English amateur rugby league club

Bedford Tigers RLFC is a rugby league club based in Bedford, England. The first team plays in the Southern Conference, with a second team in the East Premier League. As a club, Bedford Tigers have moved to their own ground in 2018 and have two senior sides as well as two junior sides, a satellite programme and proposed schools program too.

== History ==
Rugby league was played in Bedford from 1997 until the summer of 2002 under the control of the Bedford Swifts rugby union club who operated a league team in the Rugby League Conference. However, the Swifts decided at the conclusion of the 2002 summer season to cease operations.

In 2004 Bedford Tigers RLFC was founded and competed in the London League. The Tigers only fielded one team but moved up into the Eastern Division of the Rugby League Conference in 2005.

In 2006 the Tigers first team were crowned champions of the Eastern Division after defeating St Ives Roosters in the regional grand final. A feat they replicated the following year too. The Tigers first team moved into the stronger Midlands Premier before trying the Rugby League Conference South Premier in 2009 and finished in fifth place.

In 2015 Tigers became "Triple Crown" Champions and secured the 2015 East RL league as well as East RL 9s and Cup double, a feat that has yet to be matched. This was by far the Tigers most successful season both on and off the field.

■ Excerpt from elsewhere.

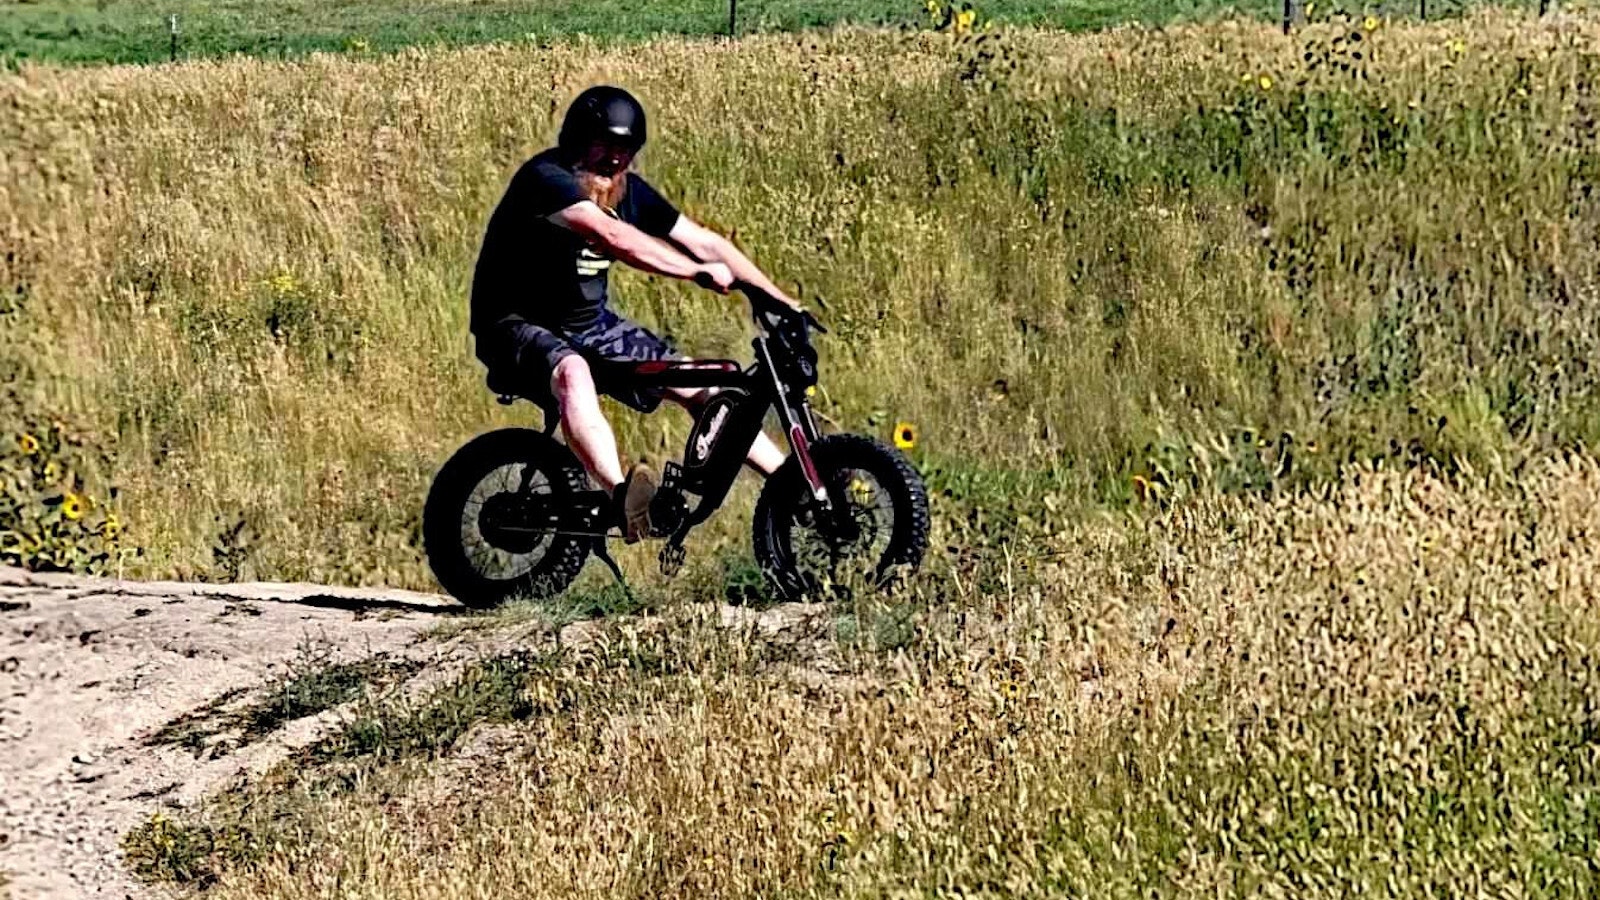 Aaron Turpen put the new Indian Hooligan e-bike through its paces.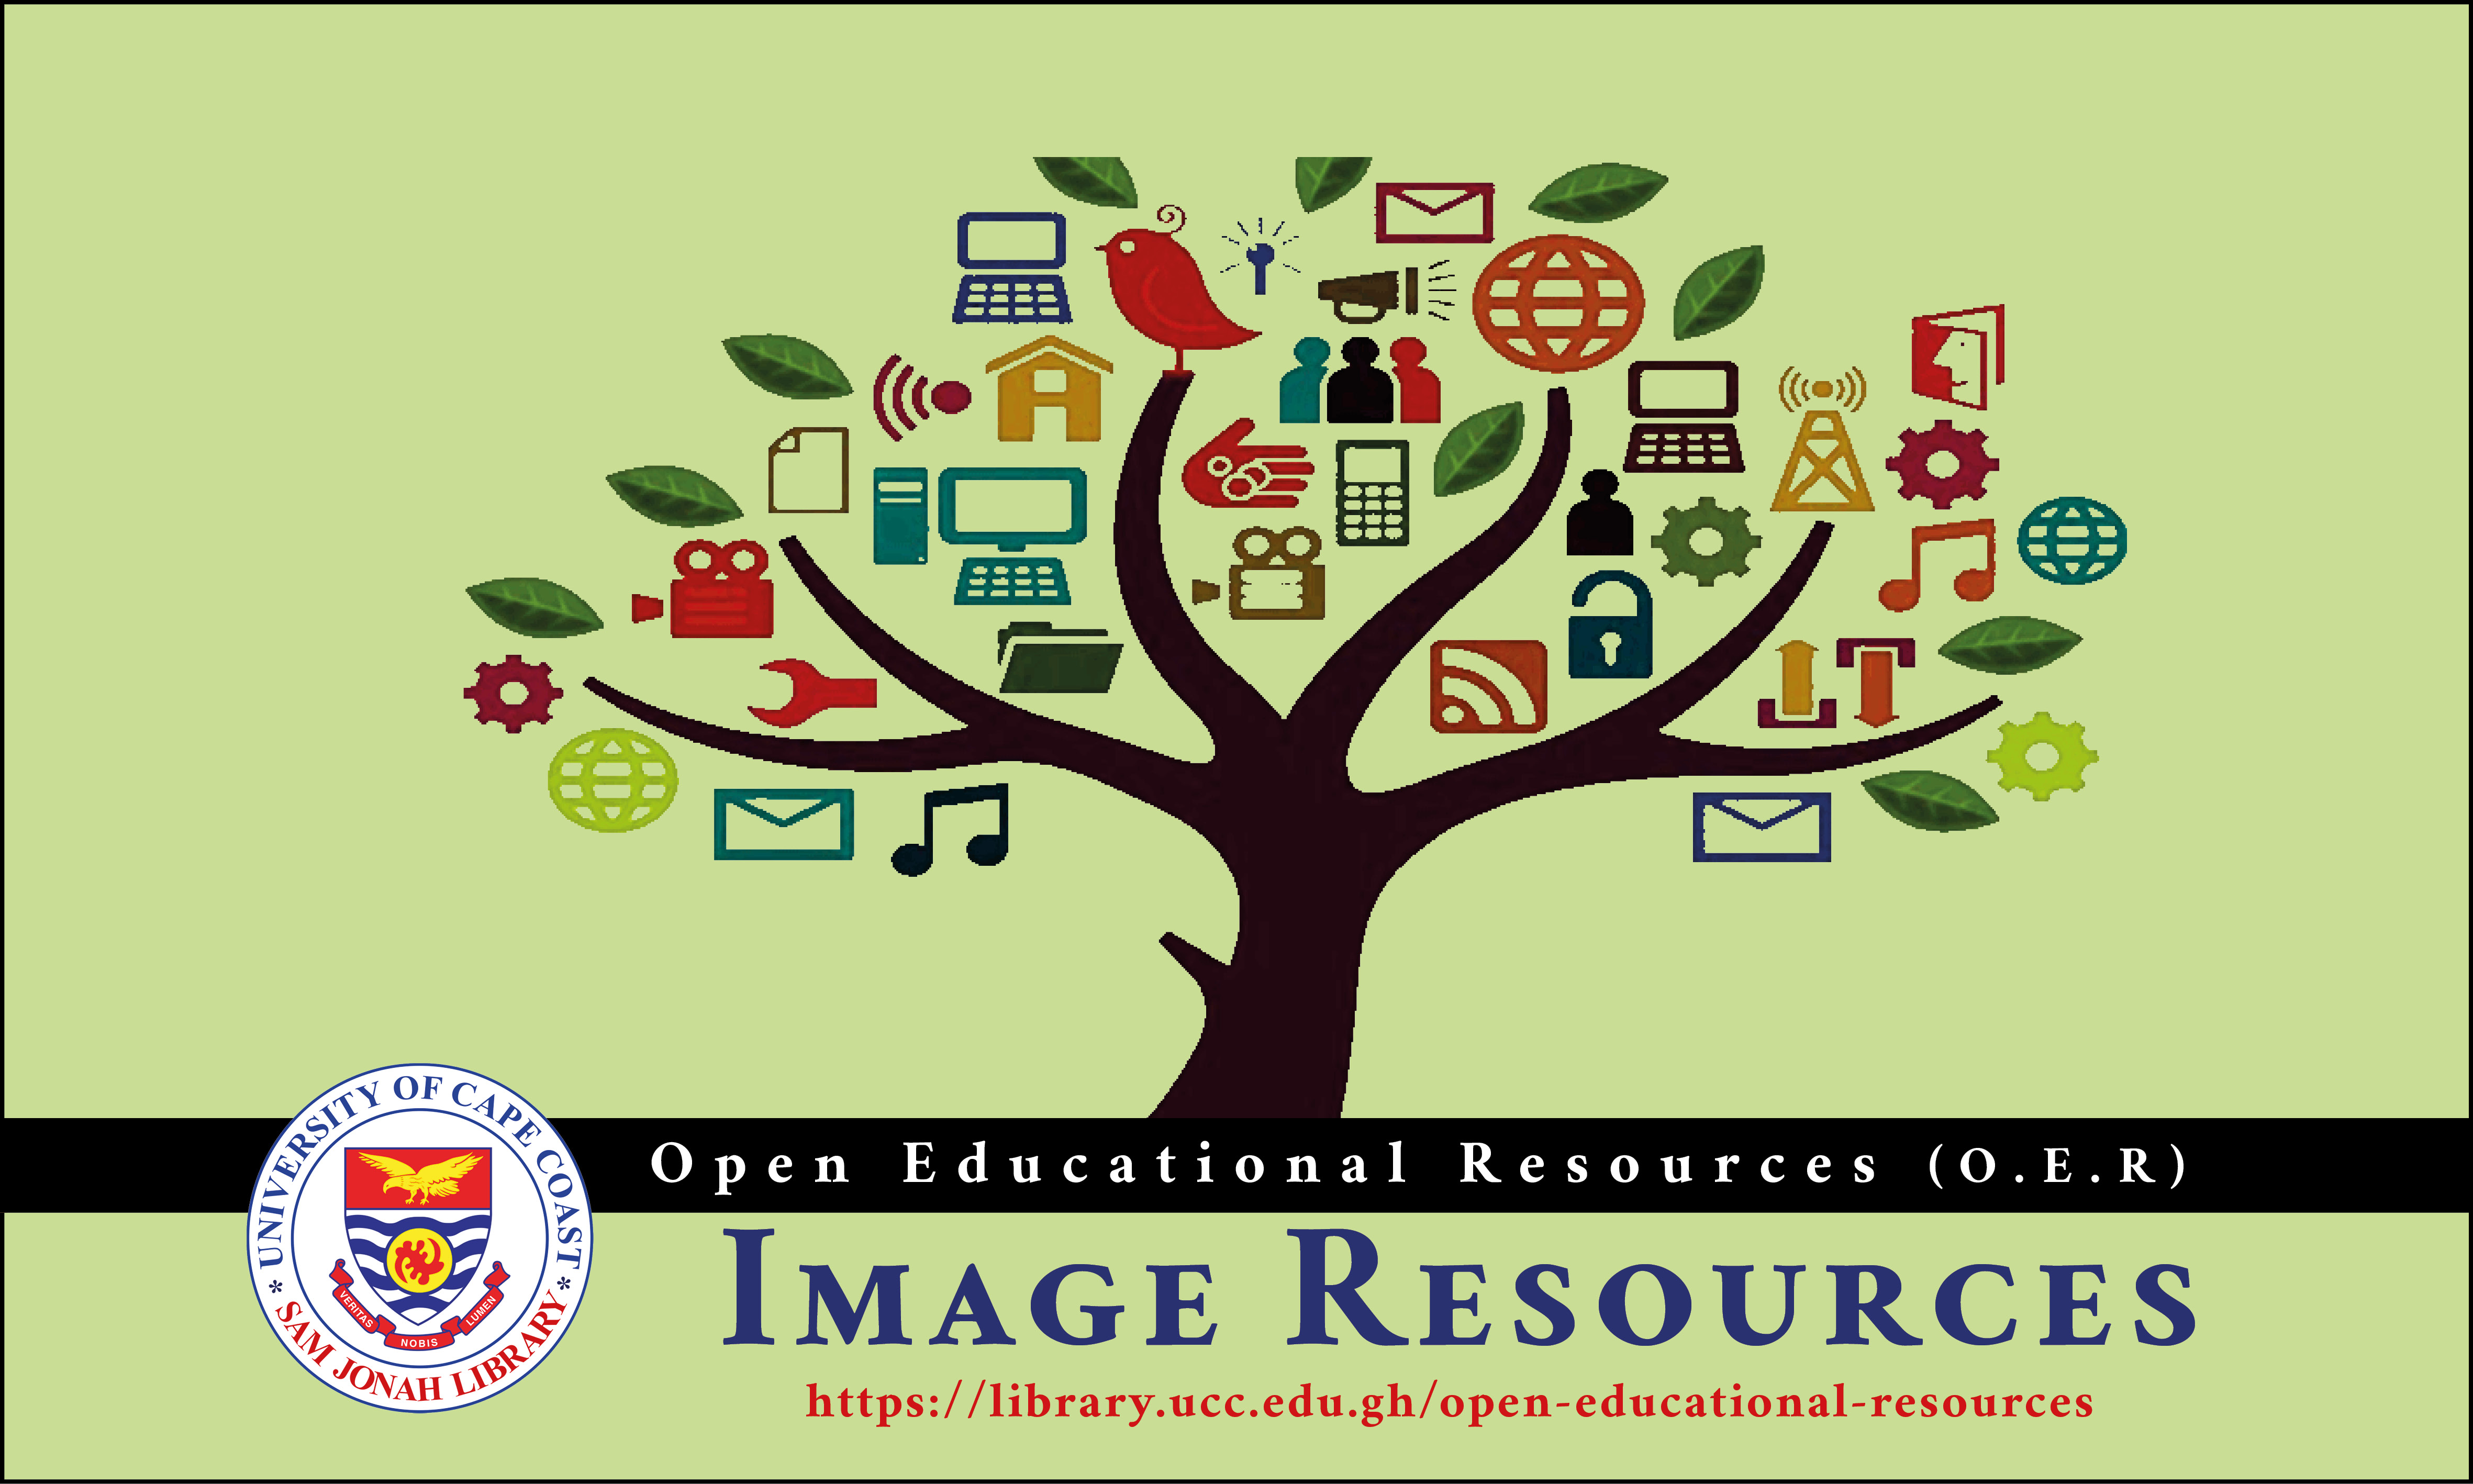 OPEN IMAGE RESOURCES

In 2016 Tigers Tigers came top of the East RL but lost in the play off final. However, they retained the East RL Cup and 9s trophies for the second year in a row. Tigers went on to become finalists in the league play off final in 2017 and 2018, retaining the East RL Cup again in 2017, and again in 2018 for an unprecedented fourth time in a row. In the five seasons from 2014 to 2018, Bedford Tigers had made the final of every competition they entered.

In 2019 Bedford Tigers gained inclusion into the new Southern Conference League, the fourth tier of Rugby League, where on their debut season finished fourth.

In 2020 Bedford Tigers for the first time in their history, competed in the Challenge Cup away to 2019 Cumberland Cup winners Distington.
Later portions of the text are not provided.